Franjo Komarica. Ai microfoni di Olivier Bonnel, della nostra redazione francese,
il cardinale Rodé si sofferma sulla condizione dei cattolici in Bosnia:
R. – Numericamente
sono molto diminuiti. Per esempio, nella diocesi di Banja Luka, prima della guerra
del ’91-’95, i cattolici erano 150 mila, oggi arrivano a 35 mila. La maggior parte
di loro è partita perché le loro case sono state bruciate, anche per la pressione,
per la paura di perdere persino la vita. Tanti cattolici sono fuggiti andando sia
in Croazia che in Paesi più lontani come l’Australia, il Canada e la Nuova Zelanda.
D. – Eminenza questo è successo solo a Banja Luka
o anche in altri posti?
R. - Si può dire lo stesso
di Sarajevo.

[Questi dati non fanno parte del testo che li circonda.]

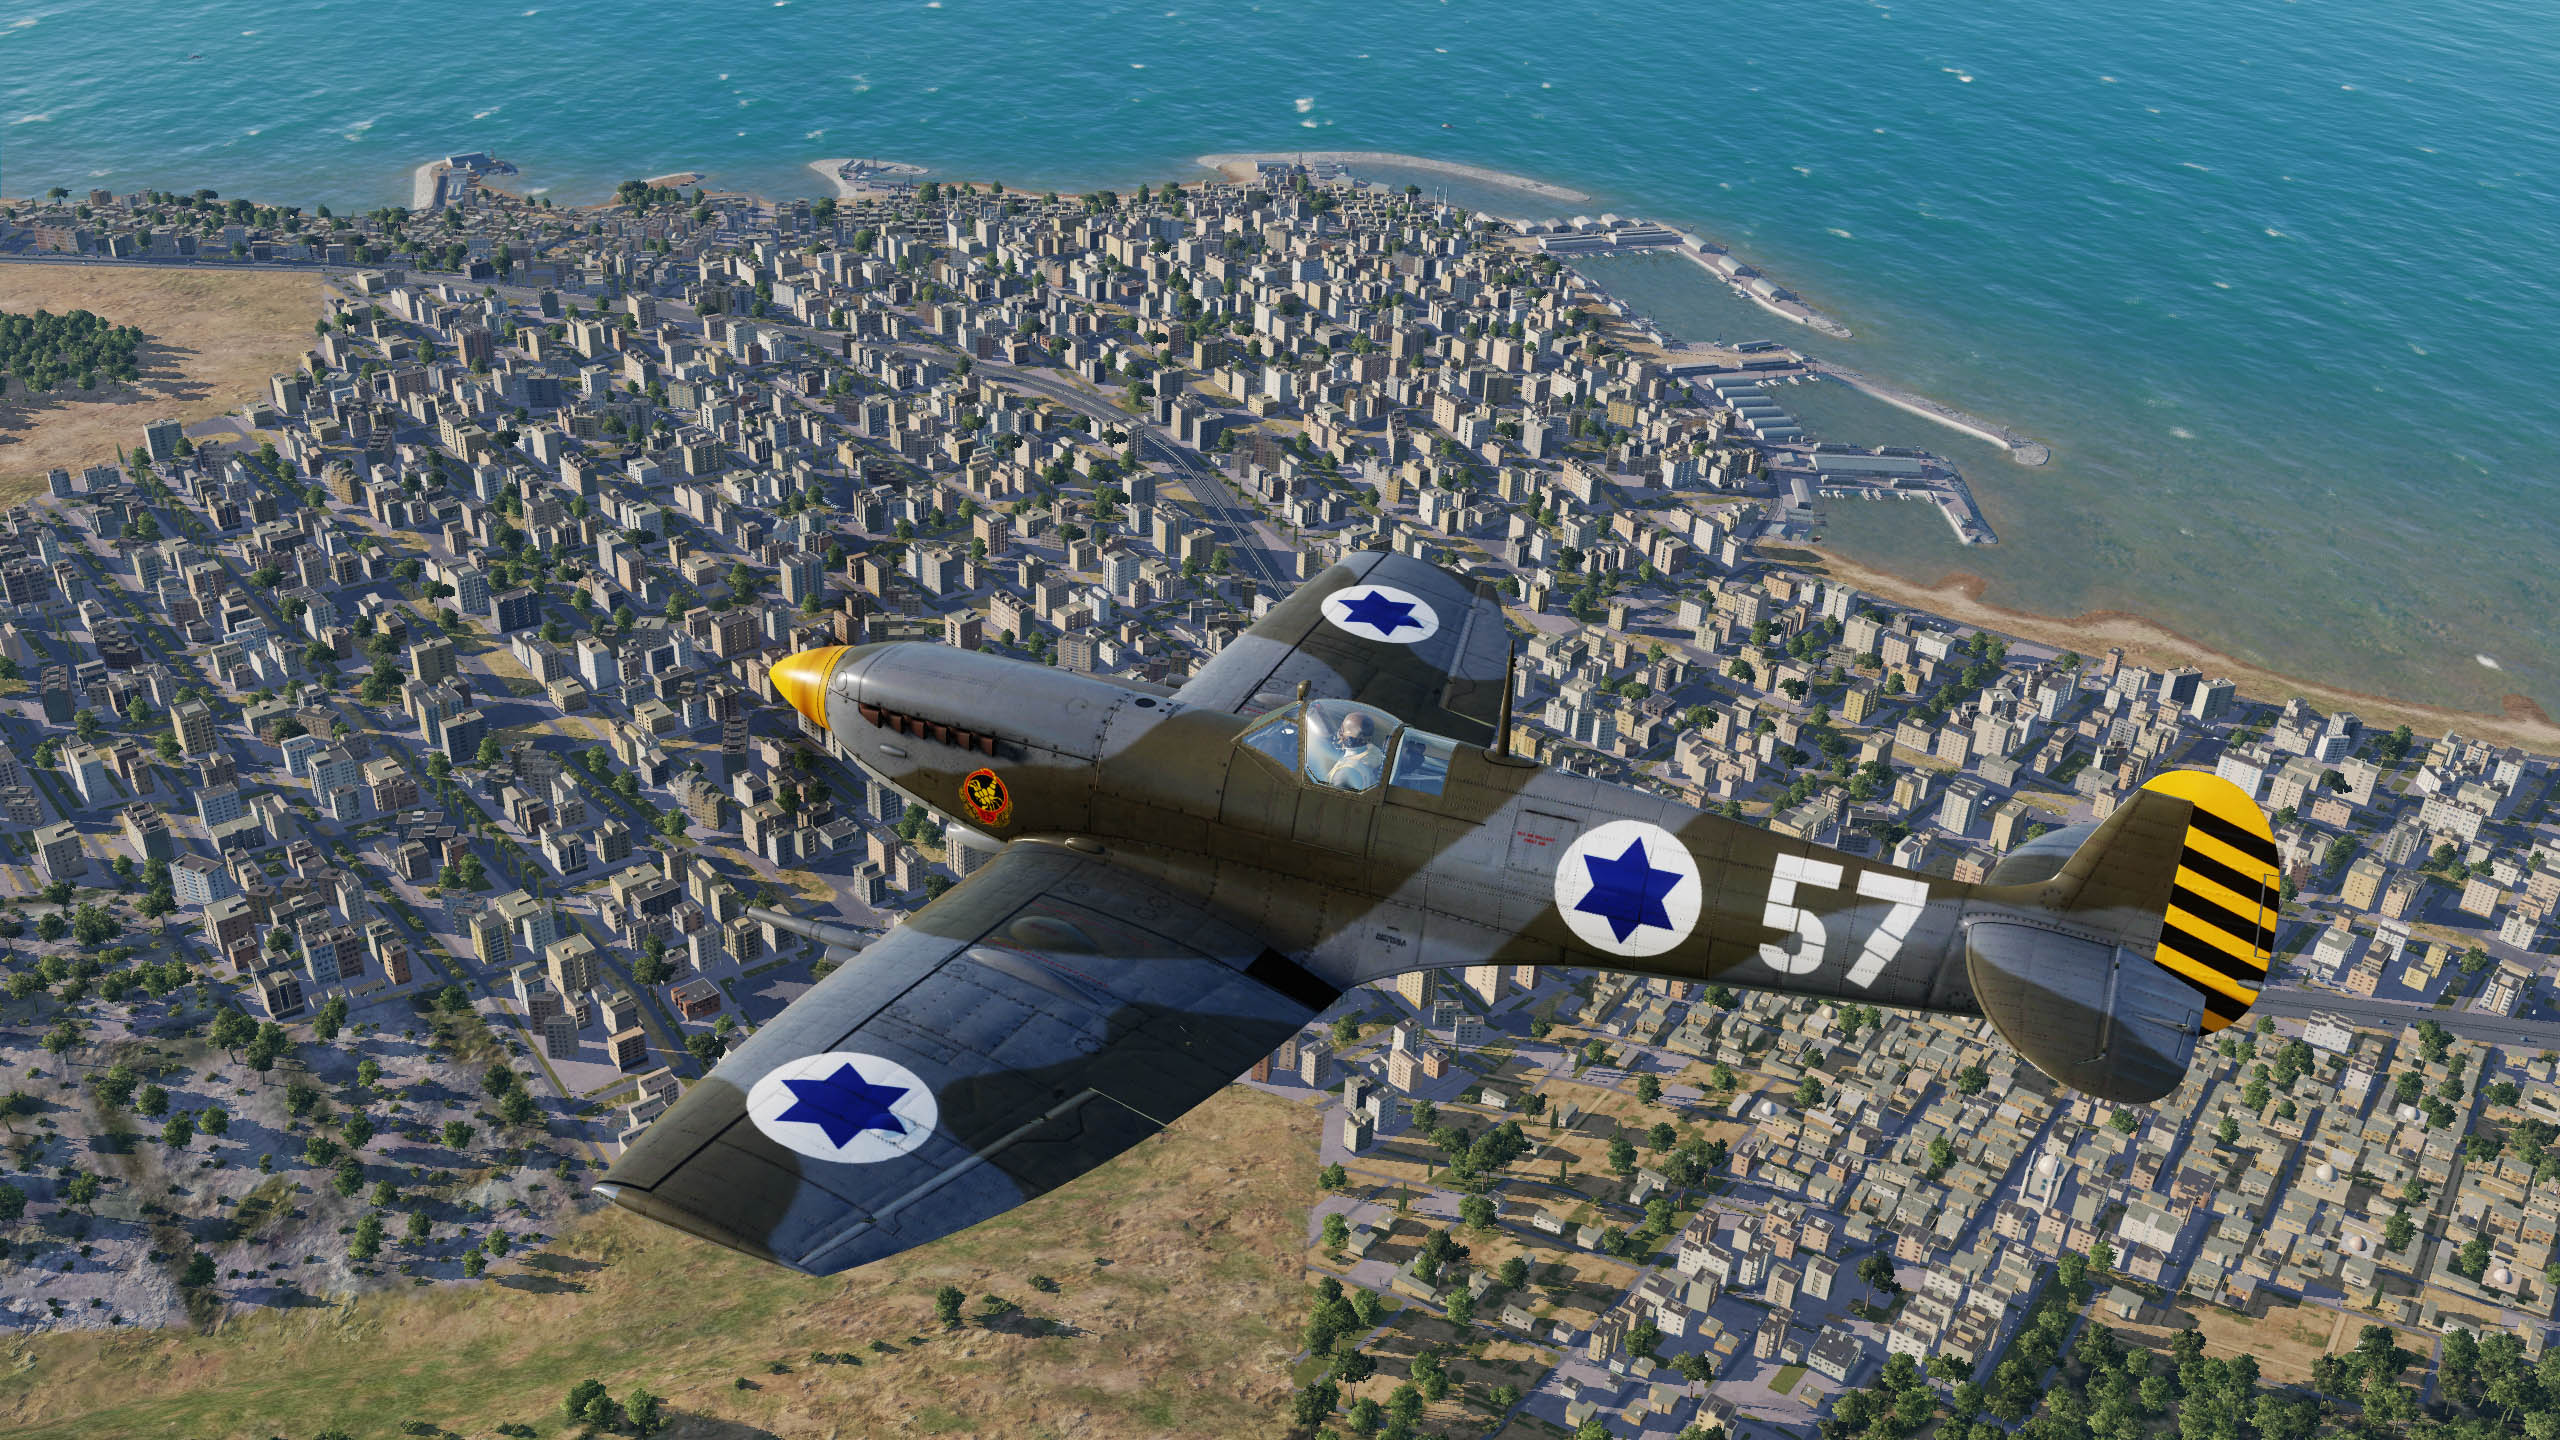 IAF_SpitfireLFMkIXCW_105_Tajeset-57

Sarajevo è una città di 600 mila abitanti, che conta solo 17 mila cattolici,
dunque, praticamente, è diventata una città musulmana. Le moschee costruite in questi
ultimi anni sono più di un centinaio, anche in villaggi dove non è mai esistita una
moschea. C’è, dunque, una volontà di islamizzazione della regione di Sarajevo, come
del resto c’è una volontà di fare della Repubblica Serba un Paese ortodosso, dove
il governo costruisce delle chiese ortodosse – tra l’altro molto belle - ma c’è una
politica di identificazione. I serbi, anche se quelli che sono attualmente al potere
prima erano membri del partito comunista, oggi sono tranquillamente e apertamente
ortodossi.
D. – Chi ha sofferto di più durante la
lunga guerra che ha sconvolto il Paese?
R. - Le
principali vittime di questa guerra sono stati i cattolici. Hanno perso molte chiese
che sono state distrutte, bruciate, molti conventi che sono stati distrutti, molti
sacerdoti, religiosi e religiose che sono stati uccisi. La strage sofferta dalla popolazione
cattolica è grande. Devo dire però che l’atmosfera che ho trovato a Banja Luka e,
in modo particolare, a Sarajevo non é di pessimismo, non è di scoraggiamento, ma c’è
piuttosto una ferma volontà di restare lì, di testimoniare il Vangelo e di offrire
i servizi della Chiesa non solo ai cattolici ma anche agli ortodossi e ai musulmani,
soprattutto, per quanto riguarda le opere sociali le opere di educazione e di formazione
umana. Per esempio, a Banja Luka, si progetta persino una università cattolica la
cui caratteristica sarebbe proprio quella del dialogo interreligioso. Speriamo che
questa grande idea di mons. Franjo Komarica possa essere realizzata.
D.
– Anche se sofferente, che Chiesa ha trovato nel suo viaggio?
R.
- La Chiesa che ho trovato in Bosnia ed Erzegovina, anche se numericamente ridotta,
è una Chiesa viva, attiva, piena di speranza; una Chiesa molto motivata e, soprattutto,
che non manca di vocazioni sacerdotali e religiose.
D.
– Quale è il suo auspicio per i futuri rapporti tra le tre comunità presenti in Bosnia
ed Erzegovina?
R. - Il fatto già di stabilire dei
rapporti di tolleranza e, se possibile, di rispetto e anche di una certa simpatia,
e di collaborare, per esempio in un campo sociale o altro, sarebbe già una grande
cosa.(Montaggio a cura di Maria Brigini)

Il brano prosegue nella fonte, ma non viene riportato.